Date: Sunday, 3 October Course: Blackheath to The Mall |
BBC coverage: Watch live on BBC Two from 08:00 and BBC One from 10:00 with uninterrupted coverage and extra streams on the Red Button, the BBC Sport website and BBC Sport app; live text from 08:00. |
Without Vicky Lawrence, Elliott Brock might never have signed up for the London Marathon. Without Elliott, Vicky would not have even made it to the startline.
Thirteen years ago Elliott saved Vicky’s life.
The life-saving process actually began back in 2000 – the year Vicky was born. That is when Elliott – then a complete stranger – signed up for the bone marrow register.
In 2008, Vicky’s parents became concerned when their usually very active eight-year-old began to feel tired all the time.
When she was eventually diagnosed with aplastic anaemia – a condition where your body stops producing enough new blood cells – doctors told them that if she had not been brought in she would have died within a month.
That was the moment when Vicky and Elliott’s lives became intertwined. Elliott donated the bone marrow that kept Vicky alive and on Sunday the pair will run the marathon to raise money for Anthony Nolan, the charity that brought them together.
“It’s crazy to think back that 12, 13 years ago it wasn’t even looking like I was going to reach Christmas and here I am about to embark on 26 miles of running alongside the person who did save my life,” Vicky told BBC News.

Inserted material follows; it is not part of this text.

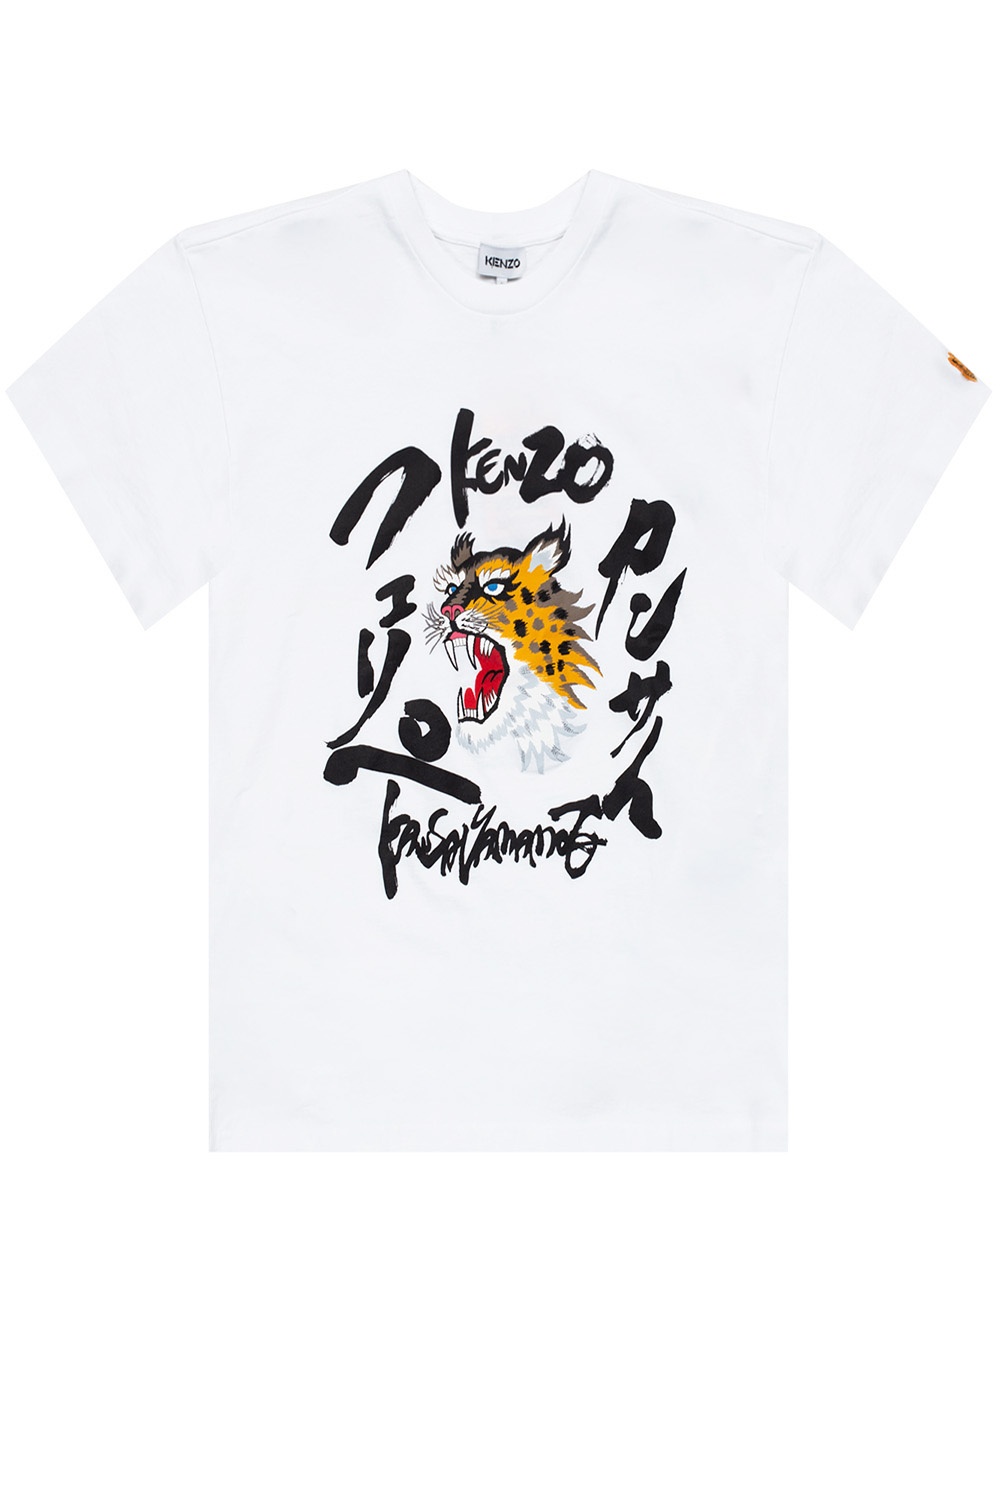 Kenzo Leopard Print Kansai Yamamoto Collab T-Shirt - T-Shirts from

Elliott says talking about Vicky still gives him “a lump in the throat”. Thanks to him, the now 21-year-old has packed plenty into the past 13 years and is currently in her fourth year of a medical degree in Newcastle.
“It’s amazing anyway to save someone’s life but also to see what Vicky has gone on to achieve – medical student, worked and travelled abroad, sportsperson, musician,” Elliott, now 42, told BBC Sport.

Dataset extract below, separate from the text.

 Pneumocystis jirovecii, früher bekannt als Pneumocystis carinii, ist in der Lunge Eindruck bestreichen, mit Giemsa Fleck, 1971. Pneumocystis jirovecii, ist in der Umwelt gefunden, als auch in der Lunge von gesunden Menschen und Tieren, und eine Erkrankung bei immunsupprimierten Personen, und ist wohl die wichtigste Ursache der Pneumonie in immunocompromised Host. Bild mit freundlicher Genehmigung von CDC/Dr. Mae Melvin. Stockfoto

“She’s such a force of nature and to think what would have been within a few weeks if I hadn’t been on the register.”
‘It’s surreal. We are technically related’

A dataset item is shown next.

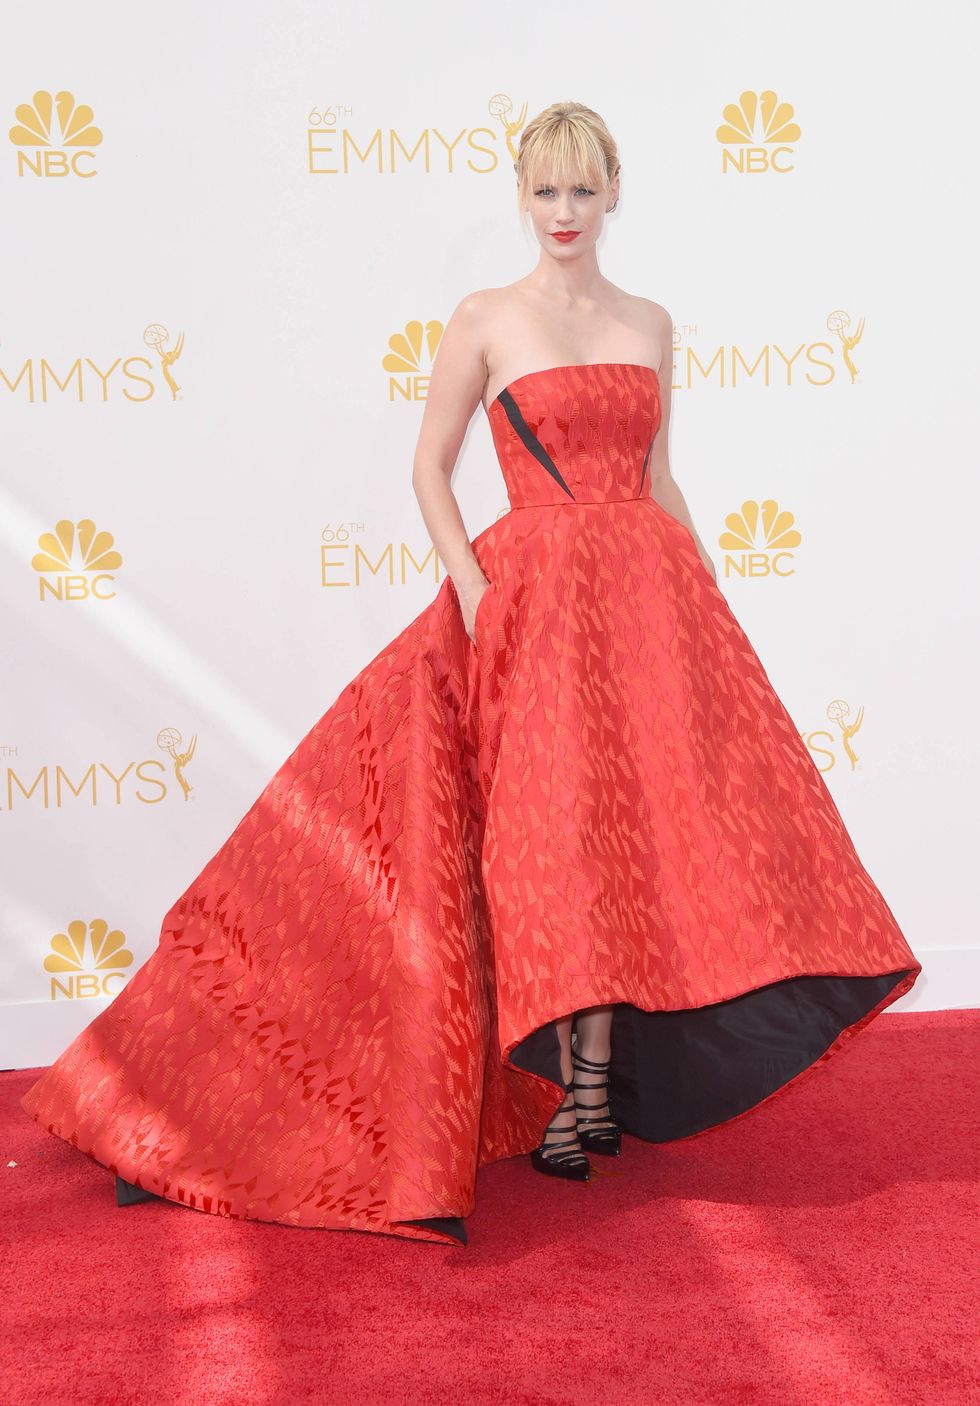 January Jones looks lovely in her Prabal Gurung dress at the Emmy Awards

After the transplant, which Elliott is keen to point out was “pain-free” for him, donors and recipients have to remain anonymous for two years but during that time Vicky’s parents could send updates on her condition.
They informed him that she had defied expectations to get home in time for Christmas, that her hair had started growing back and “the roar when she went back into the classroom was deafening”.
The families fell out of touch for a few years but at the age of 15 Vicky sent Elliott a letter and they decided to meet.
Vicky remembers that experience “being quite surreal”, adding: “Me and Elliott share the same blood. We are technically related.
“It’s a very odd feeling. It was surreal to have him sat in front of me – this person who saved my life. It was a lovely afternoon.”
‘There are going to be a lot of tears’
It was Vicky who convinced Elliott that they should run the marathon back in August 2019.
Like many of the 40,000 other runners, they have had a long wait to line up at the start in Greenwich after the mass participation race became a virtual one in 2020 because of Covid-19.
Elliott took on that virtual challenge near his home in Essex, and the father-of-two feels ready for the big day, saying he’s “managed to channel an inner Forrest Gump” during training.
He is also preparing mentally for what will be an emotionally charged event.
“My mum will be coming along,” he explained.
“She was cheering me on at the bedside when I did my transplant so the fact she is cheering me on 13 years later doing the marathon with the girl whose life that procedure saved is lovely.
“Just to see this girl so full of life, it’s a celebration of what Anthony Nolan achieves. It’s going to be very emotional.”
The pair plan to run the whole thing together and Vicky expects overwhelming feelings at the finish line.
“Running a marathon anyway is quite an emotional journey; running next to him is going to be amazing,” she says.
“Crossing the finish line, there are going to be a lot of tears. It shows how far I’ve come and that blood cancers and blood disorders aren’t the end of your life.
“It shows how important bone marrow transplants are. It’s going to feel amazing.”